▼
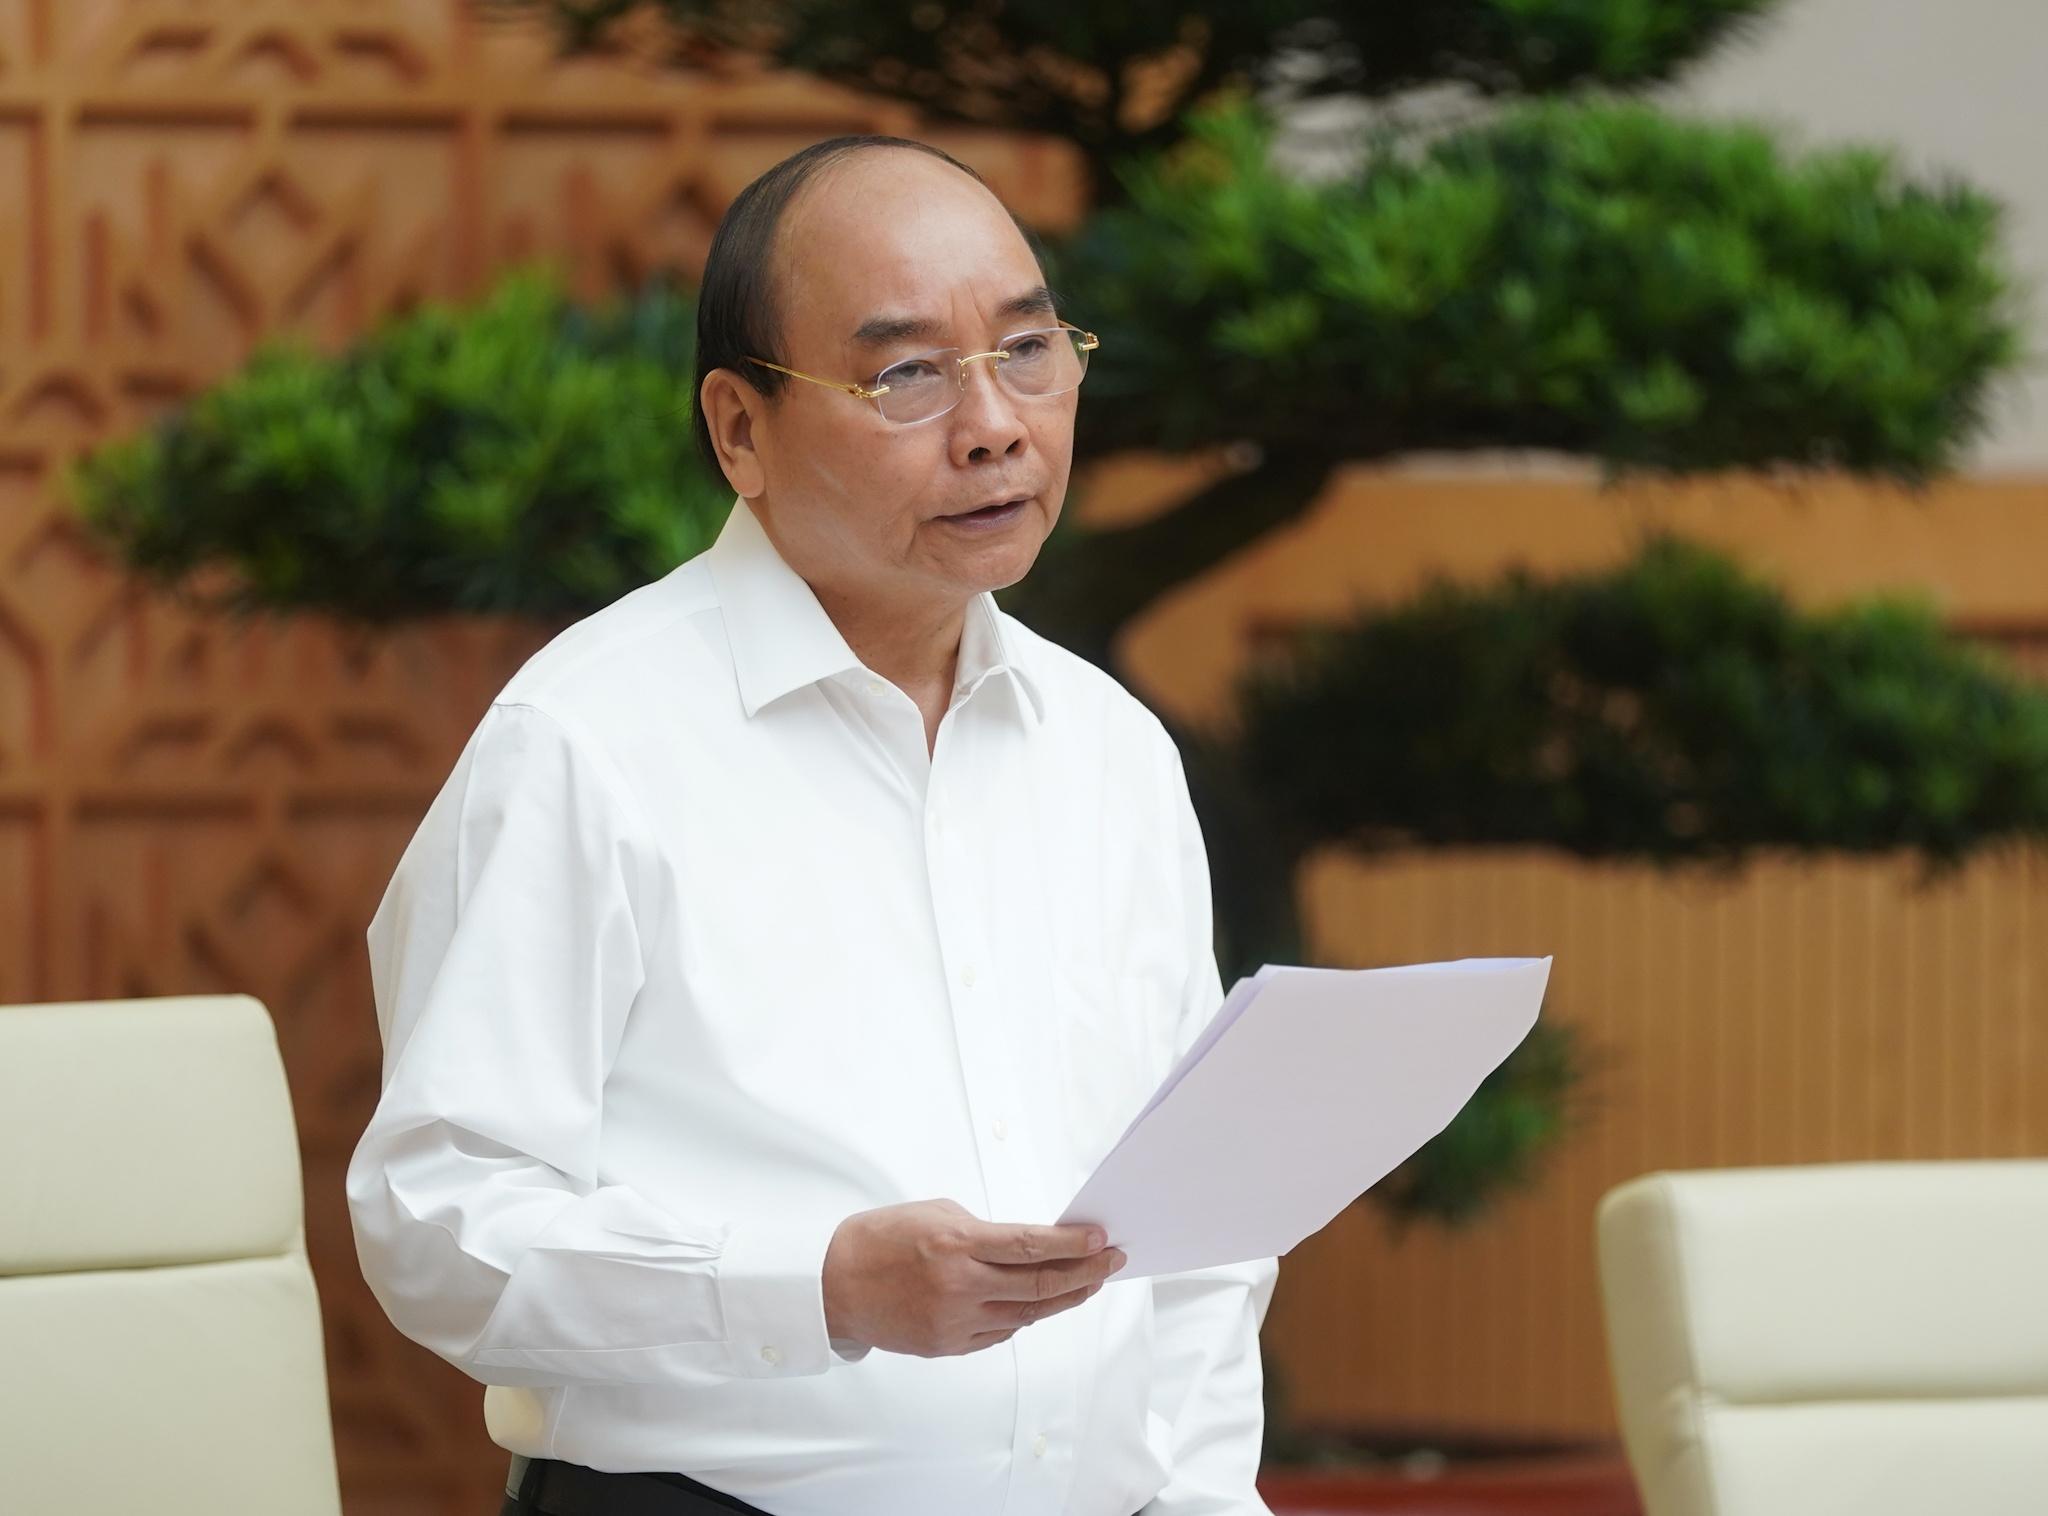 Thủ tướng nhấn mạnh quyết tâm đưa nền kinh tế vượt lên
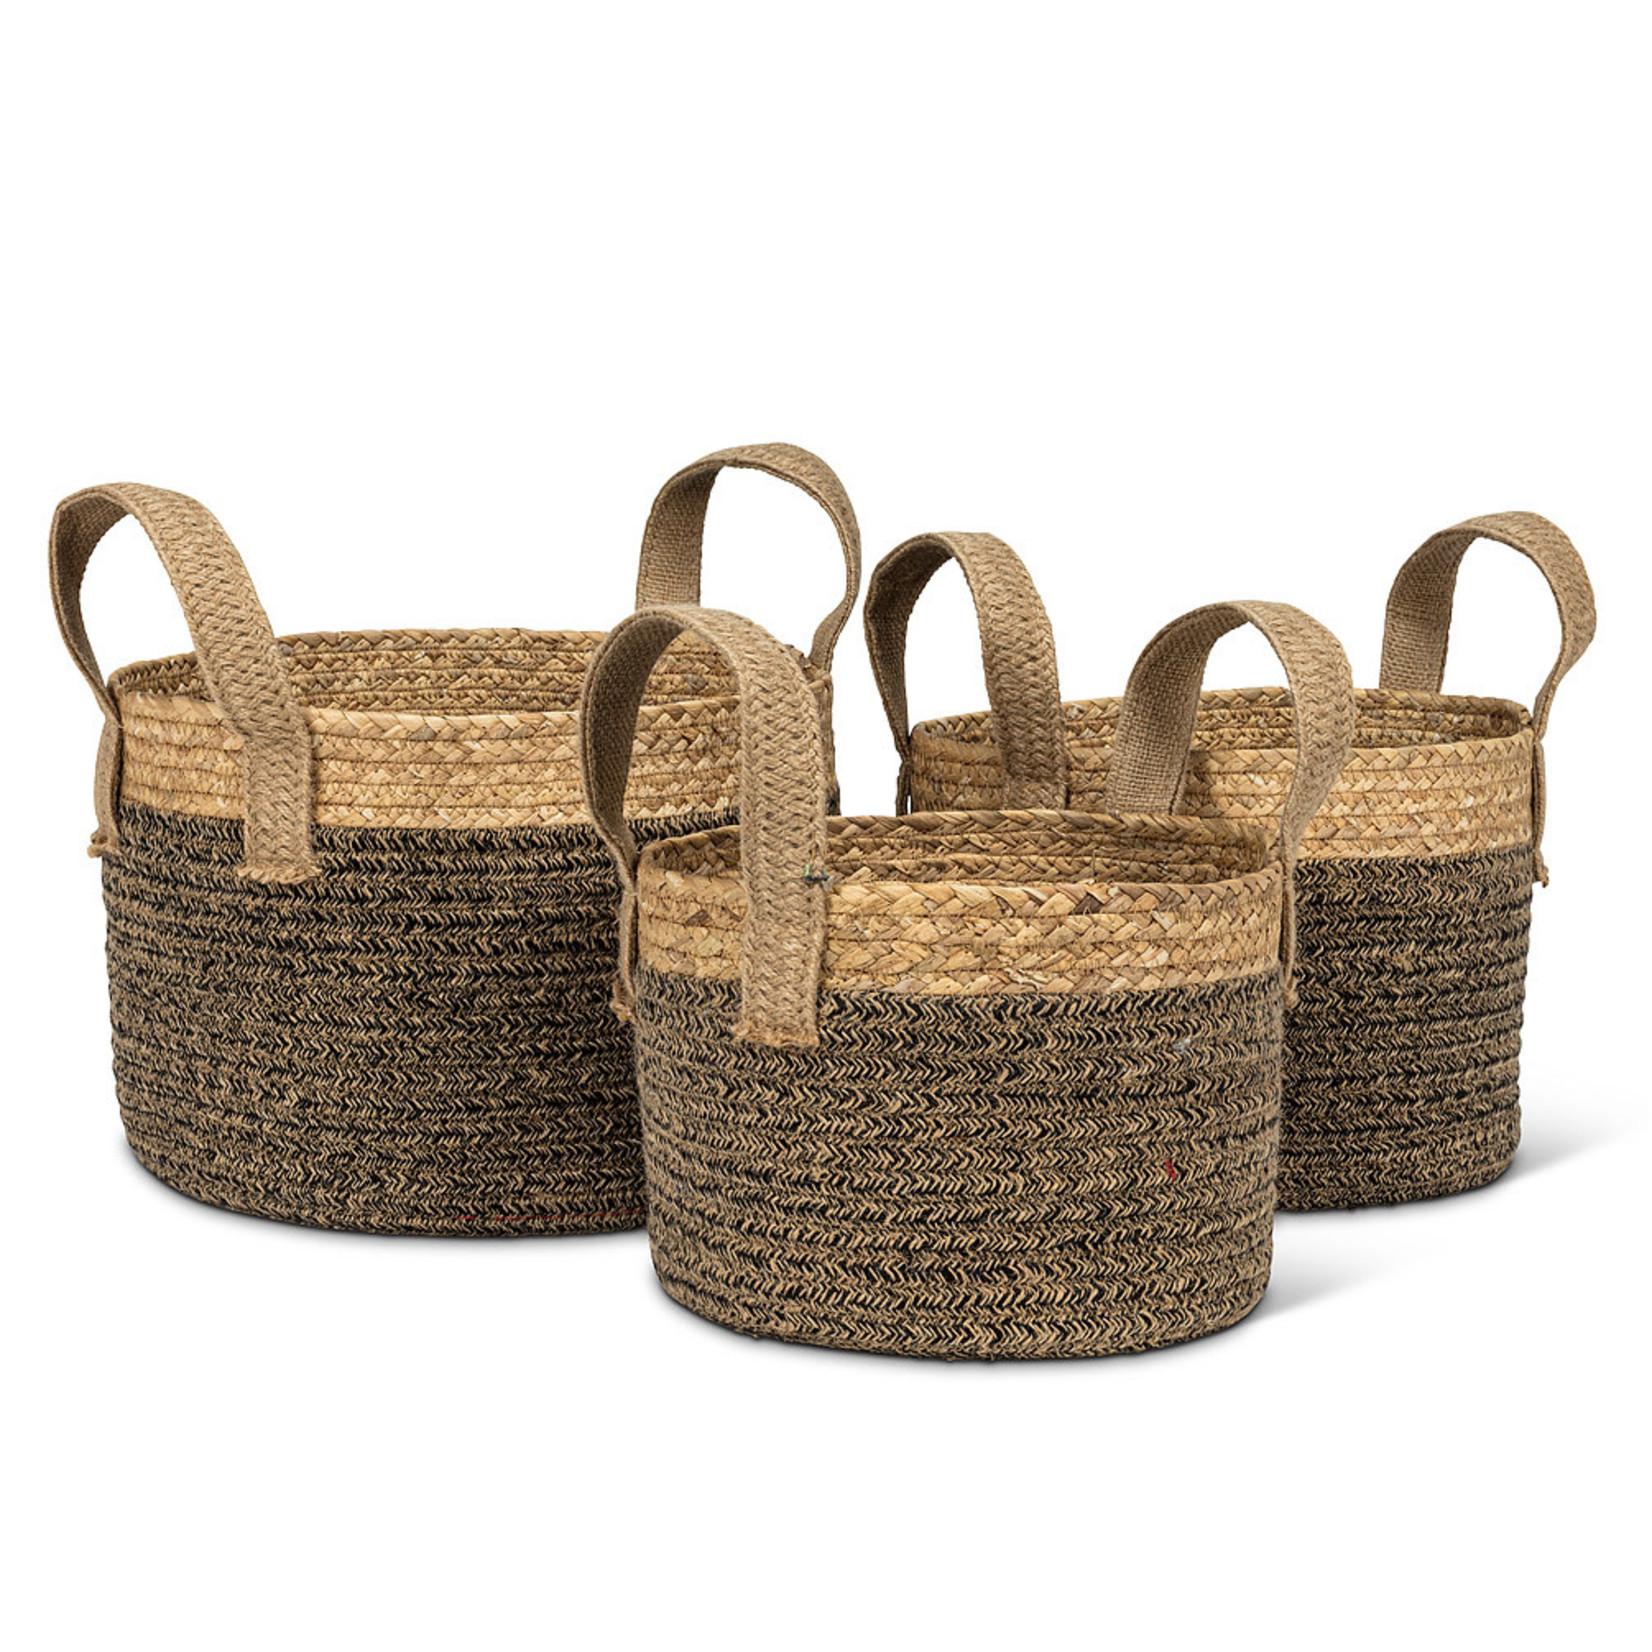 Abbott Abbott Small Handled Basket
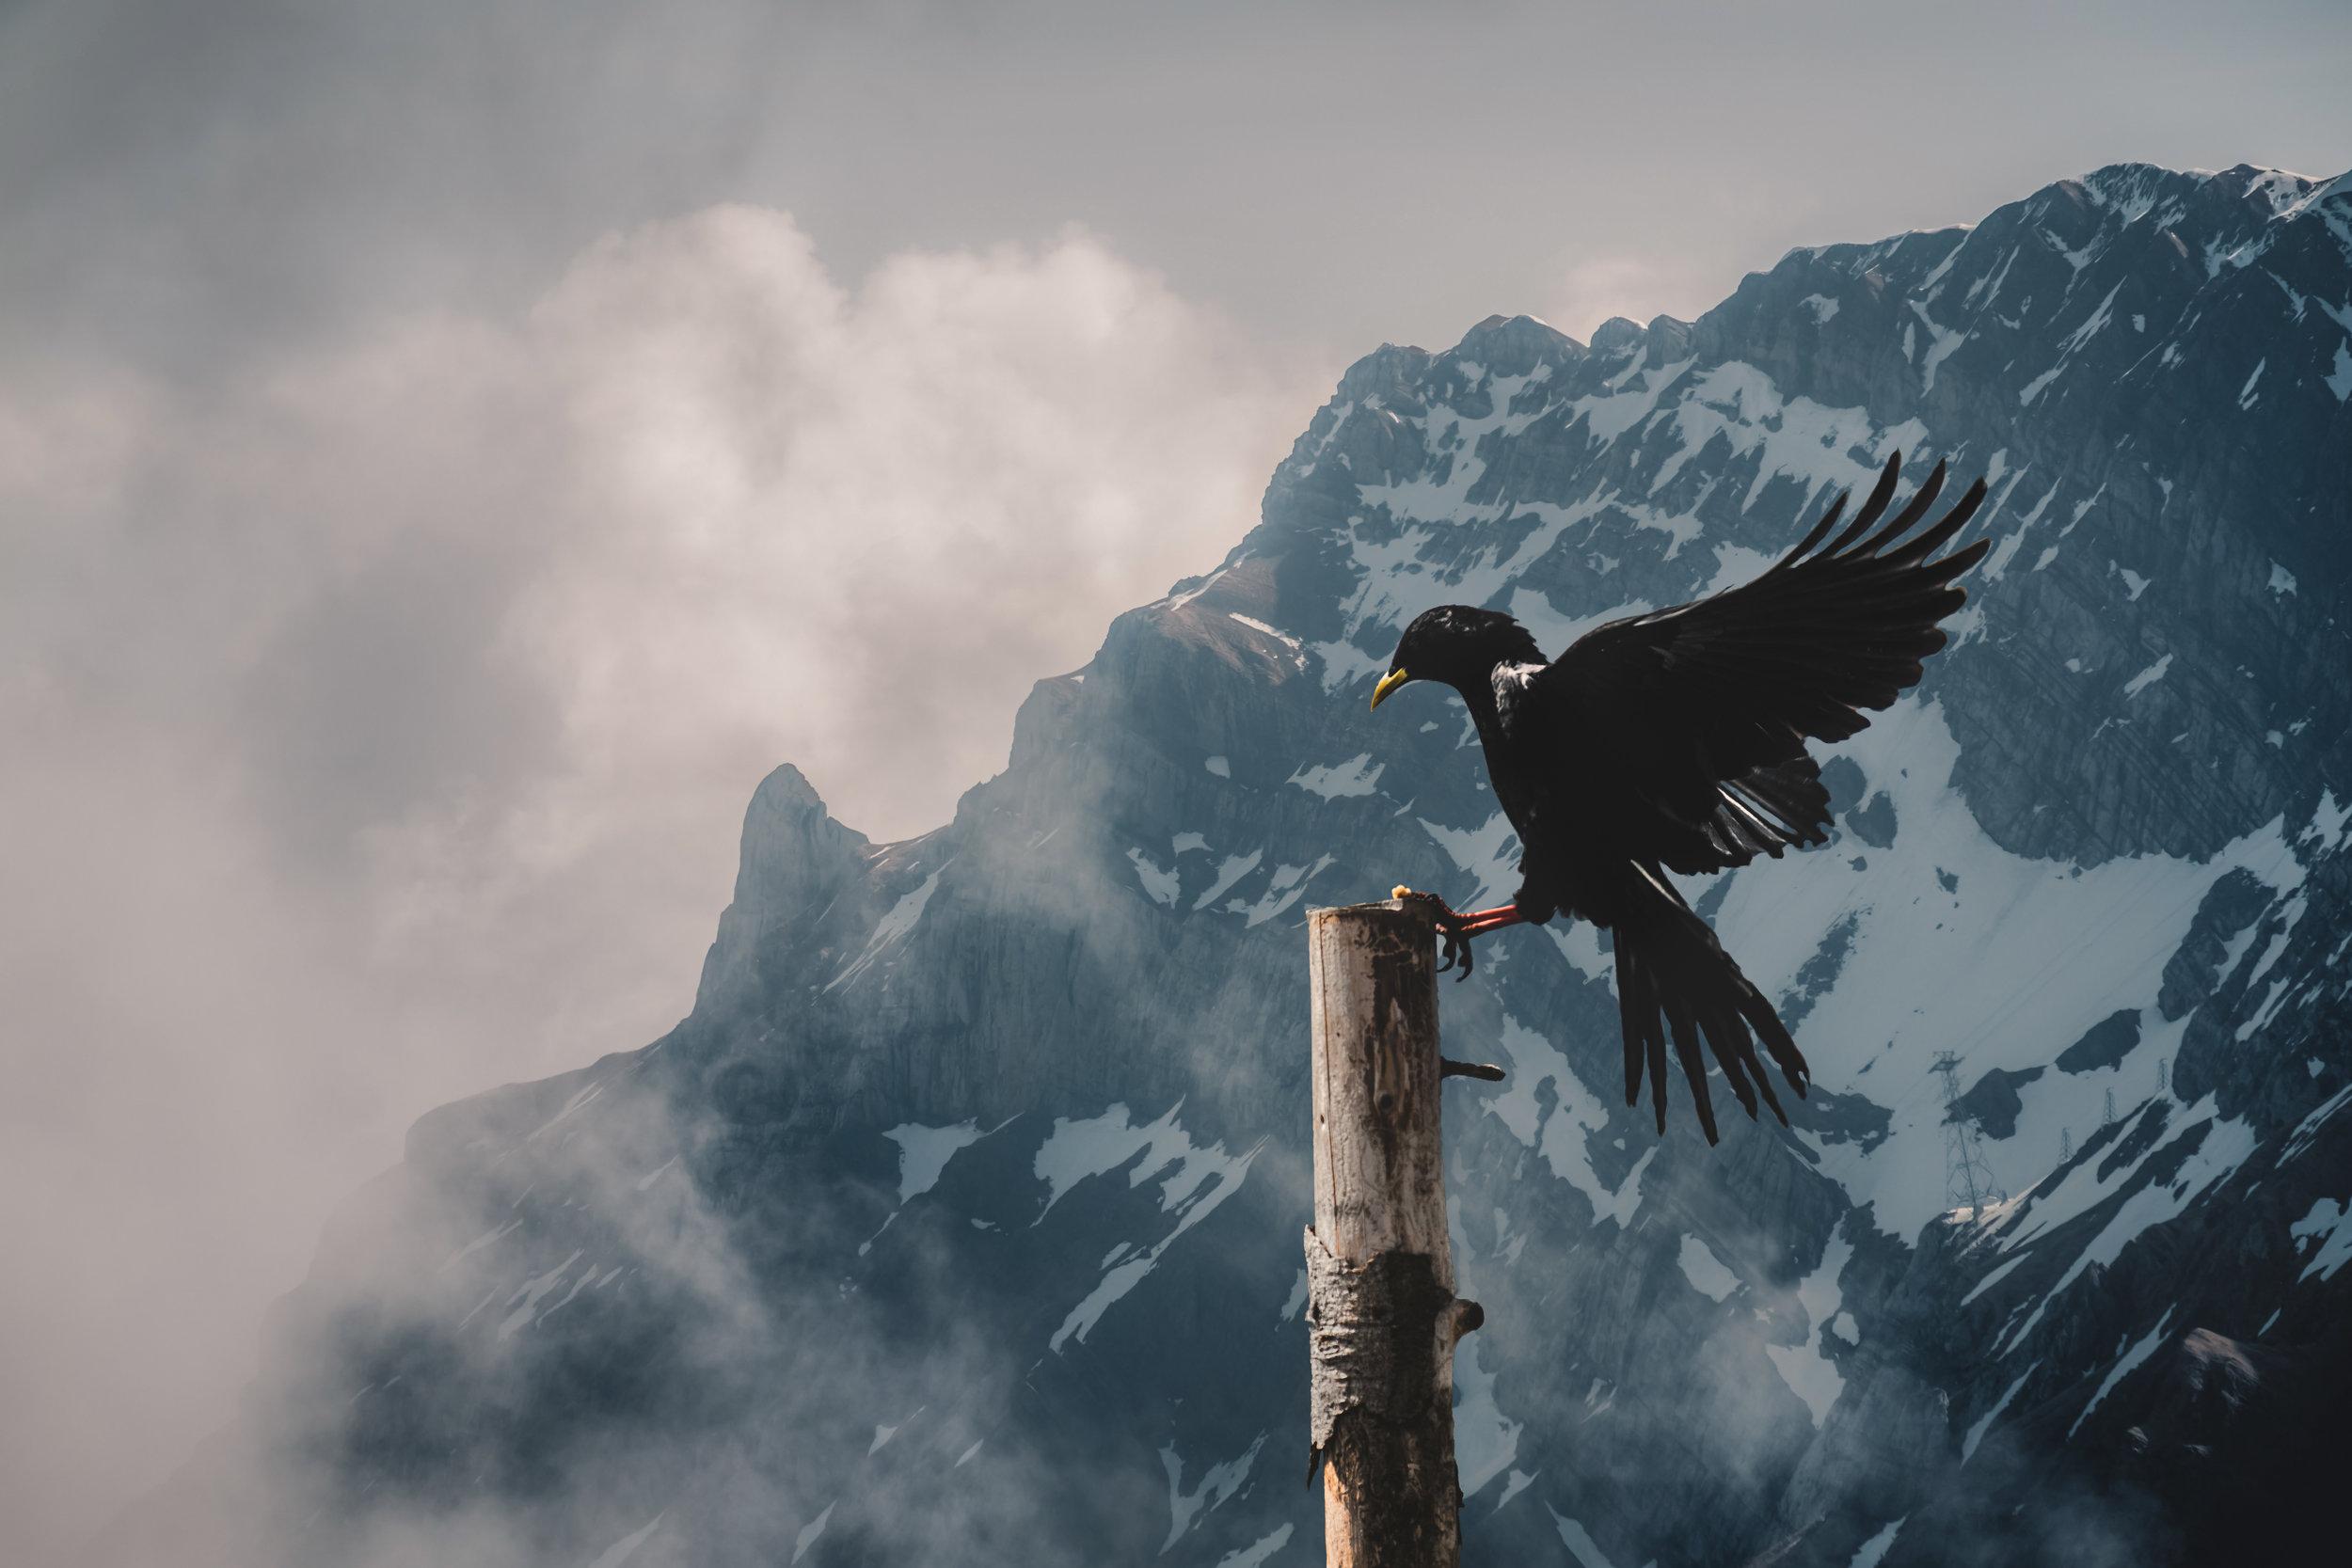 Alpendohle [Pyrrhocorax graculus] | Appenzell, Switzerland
▲
(Problem details): An exact copy of the listing is needed, minus its pictures.

(Written response):
 Thủ tướng nhấn mạnh quyết tâm đưa nền kinh tế vượt lên
 Abbott Abbott Small Handled Basket
 Alpendohle [Pyrrhocorax graculus] | Appenzell, Switzerland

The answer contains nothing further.